I didn't find a paper but I think that is sort of what EleutherAI was doing with their pythia models.

You'll find the models on huggingface and I'd say that they are also interesting from an opensource perspective because of their license (apache-2.0)

(Also open-assistent seems to be building on top of them.)

AllowFreeSpeech t1_je3rjmv wrote on March 29, 2023 at 5:00 AM

20:1 ratio of tokens:params

[deleted] t1_jdlwka7 wrote on March 25, 2023 at 11:07 AM

[removed]

I_will_delete_myself t1_jdnrr46 wrote on March 25, 2023 at 7:58 PM

At that point we will run out of data. It will require more data efficient methods.

hadaev t1_jdlym7s wrote on March 25, 2023 at 11:32 AM

Idk, internet is big.

CacheMeUp t1_jdxvq8t wrote on March 28, 2023 at 12:04 AM

Perhaps the challenge is not the size of the internet (it's indeed big and easy to generate new content), but rather the uniqueness and novelty of the information.
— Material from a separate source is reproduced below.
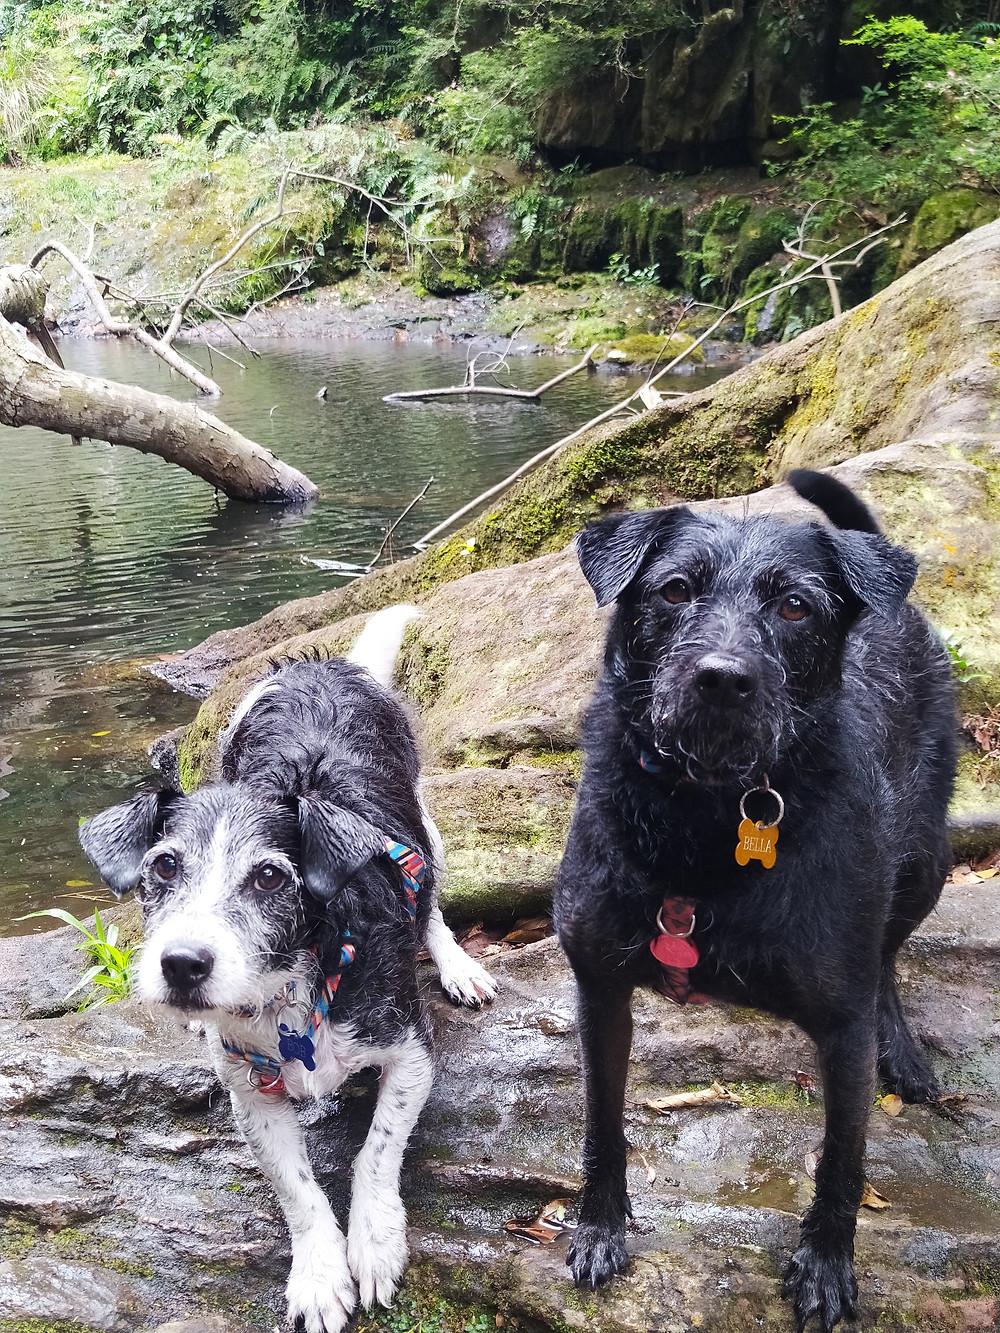 cachoeira palmito mole, cachoeira da invernada, pet friendly

Anecdotally, looking at the first page of Google results often shows various low-informativeness webpages, where only a few sentences provide information and the rest is boilerplate, disclaimers, generic advice or plain spam.
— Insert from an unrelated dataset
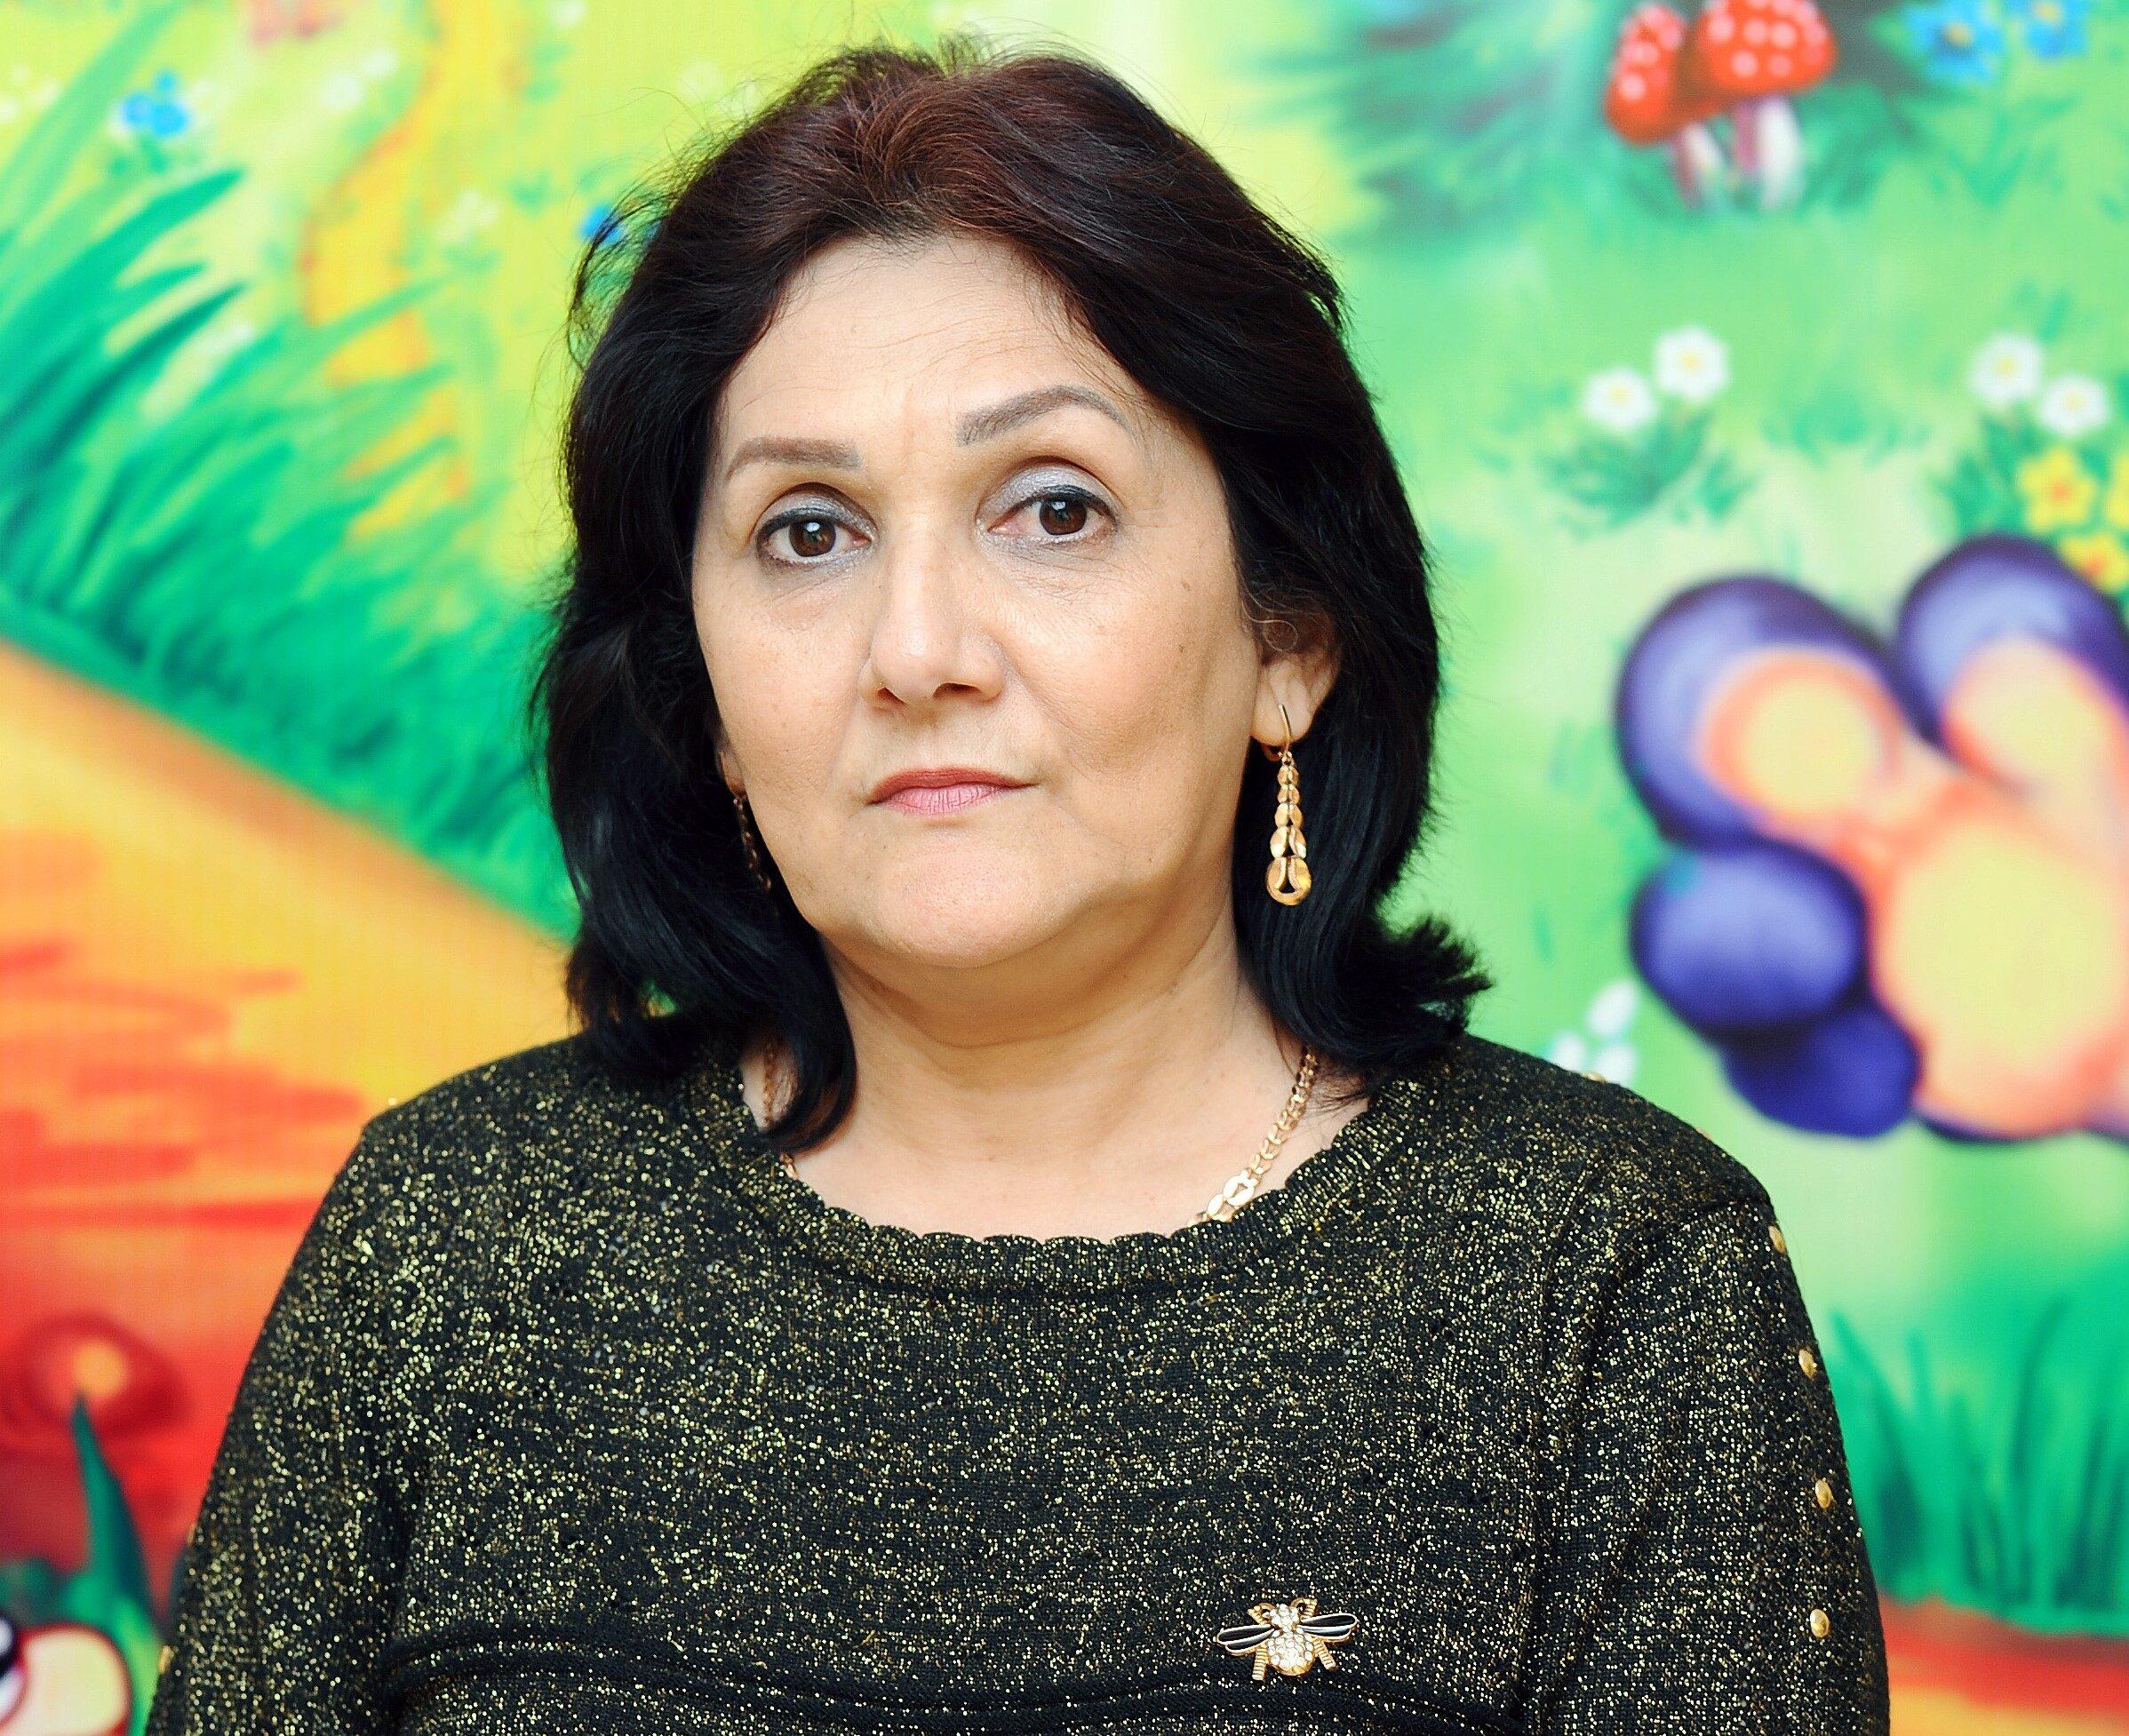 Esmira Hidayətova

phb07jm t1_jdmp7kc wrote on March 25, 2023 at 3:24 PM

I think this will prove prophetic

Thebadwolf47 t1_jdnbfya wrote on March 25, 2023 at 6:01 PM

wasn't he rather comparing the parameters to the volume of the first computer and not their transistor count?

[deleted] t1_jdmcma9 wrote on March 25, 2023 at 1:48 PM

[deleted]

Puzzleheaded_Acadia1 t1_jdn6ugl wrote on March 25, 2023 at 5:29 PM

I see a future where LLMs or llamas that are multimodels or any other new kind artificial intelligence run on esp32 level of hardware i don't know how that will work but I'm pretty sure we are heading there

atheist-projector t1_jdm7hw1 wrote on March 25, 2023 at 1:04 PM

Especialy when considr that sgd is a local minima we can probably do a whole lot better if we find a niced optimizer.

Blacky372 t1_jdl62vl wrote on March 25, 2023 at 4:58 AM

GPT-J-6B with instruction finetuning will surely not ever be better than GPT-4. With RLHF you may reach a similar response quality in some contexts for some types of instruction, but you will never match the vast amounts of proprietary data that ClosedAI fed into a probably 250+B parameter model with specialized expert data from literally 50 experts in various fields that worked on the response quality in their domain. This cannot be surpassed easily, unfortunately. But maybe future open source models will be of similar capabilities with advanced training techniques. I would definitely hope so.

blueSGL t1_jdl756z wrote on March 25, 2023 at 5:10 AM

> with specialized expert data from literally 50 experts in various fields that worked on the response quality in their domain.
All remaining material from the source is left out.